At other times, water is pumped from the river to fill the depression. Many Christian pilgrims come to this site and perform baptism ceremonies, normally in small groups and accompanied by the group's pastor. The following photo was obtained from the web and shows how the pilgrims get baptised - usually in the summer months:A walk of 500 metres is required before you come to the actual Jordan river today, which is no more than 4-6 metres wide. The most surprising thing along the way is a dense wooded area (albeit mostly tall dry reeds), known as the Jordan river forest.History records the river as being up to a one kilometre wide and swift flowing after rains, indeed the lower of the 3 churches at the baptism site was washed away in those early days of Christianity.
At this spot, the border between Jordan and Israel is very close indeed,
with soldiers on both sides looking very relaxed.
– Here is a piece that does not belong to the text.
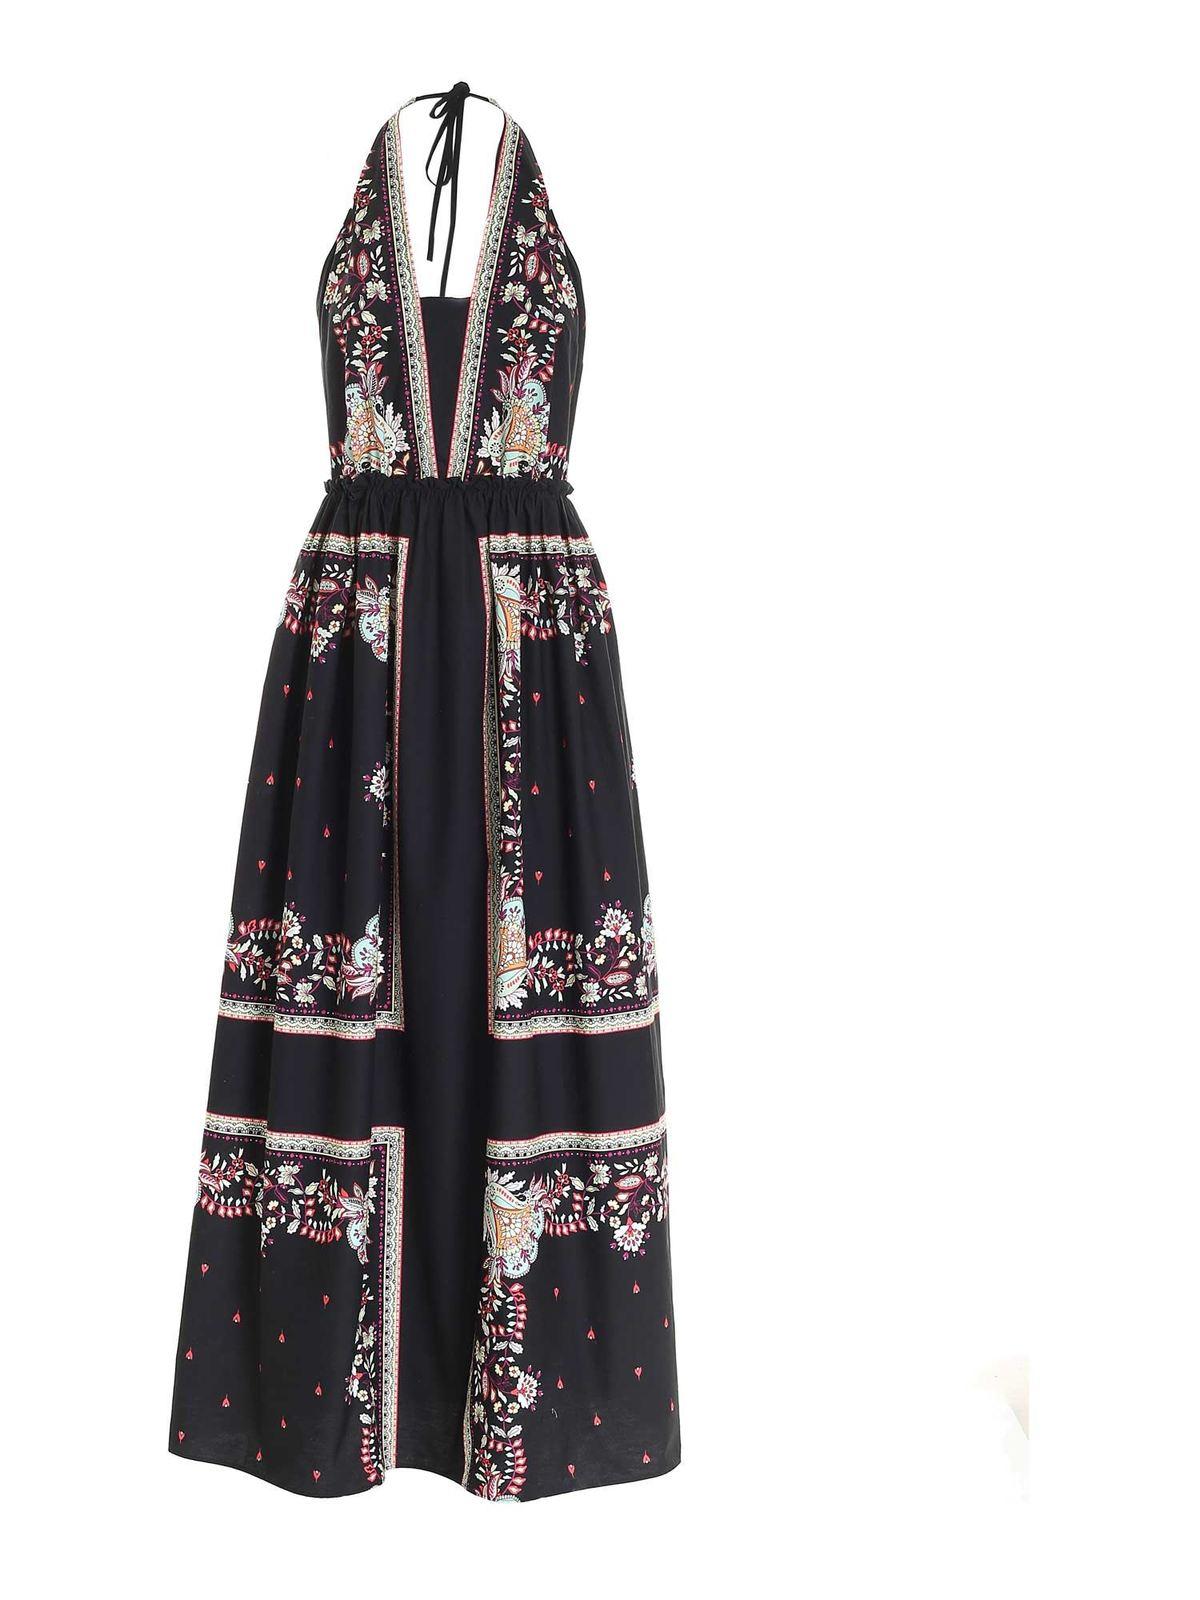 Twinset FLORAL PRINT DRESS IN BLACK

The flag of Israel flutters in the breeze - a country where we spent 5 blessed years as Baha'i volunteers in Haifa.
There was no tour group on the Israeli side, otherwise we could have exchanged food and drinks - it was so close!
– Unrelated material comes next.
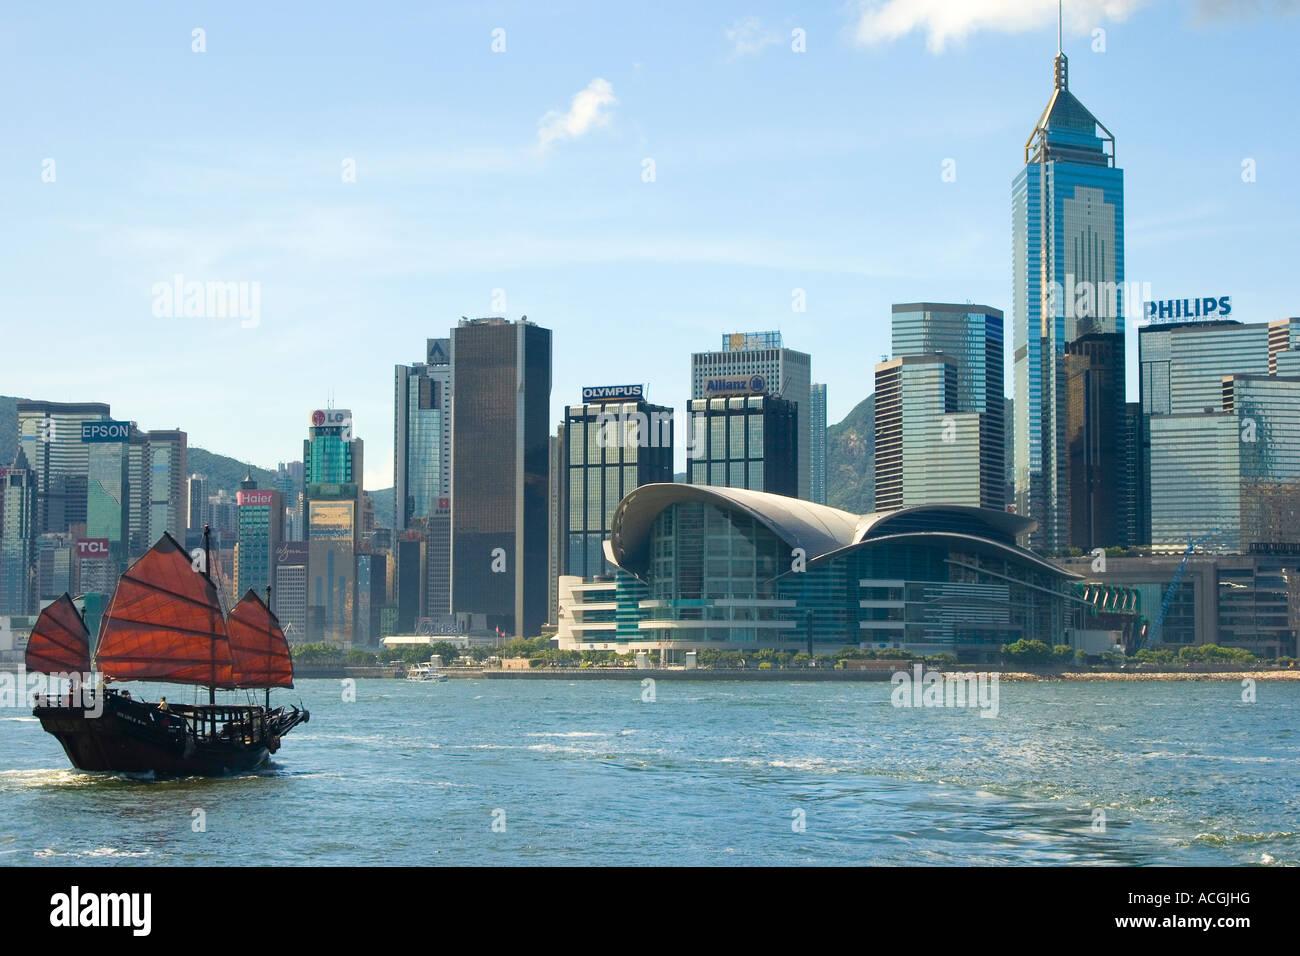 Duk Ling Cinese tradizionale Giunca Vela e Hong Kong Convention Centre di Hong Kong Cina Immagini Stock

As it has done for centuries, though sadly at a much reduced volume, the river Jordan winds its way to the Dead Sea. Reeds cover the banks, and fish, sensing the saltiness of the water, turn around to swim upstream.
A new Greek Orthodox church is close to the place where pilgrims and tourists can see the Jordan river today.
Inside are paintings and icons typical of these churches.



As we look back, we see the river Jordan --- scene of so much history and so many events, both old and new that define the current Middle East --- continue on its way, oblivious of the tensions that grip the region.

Next stop, Petra.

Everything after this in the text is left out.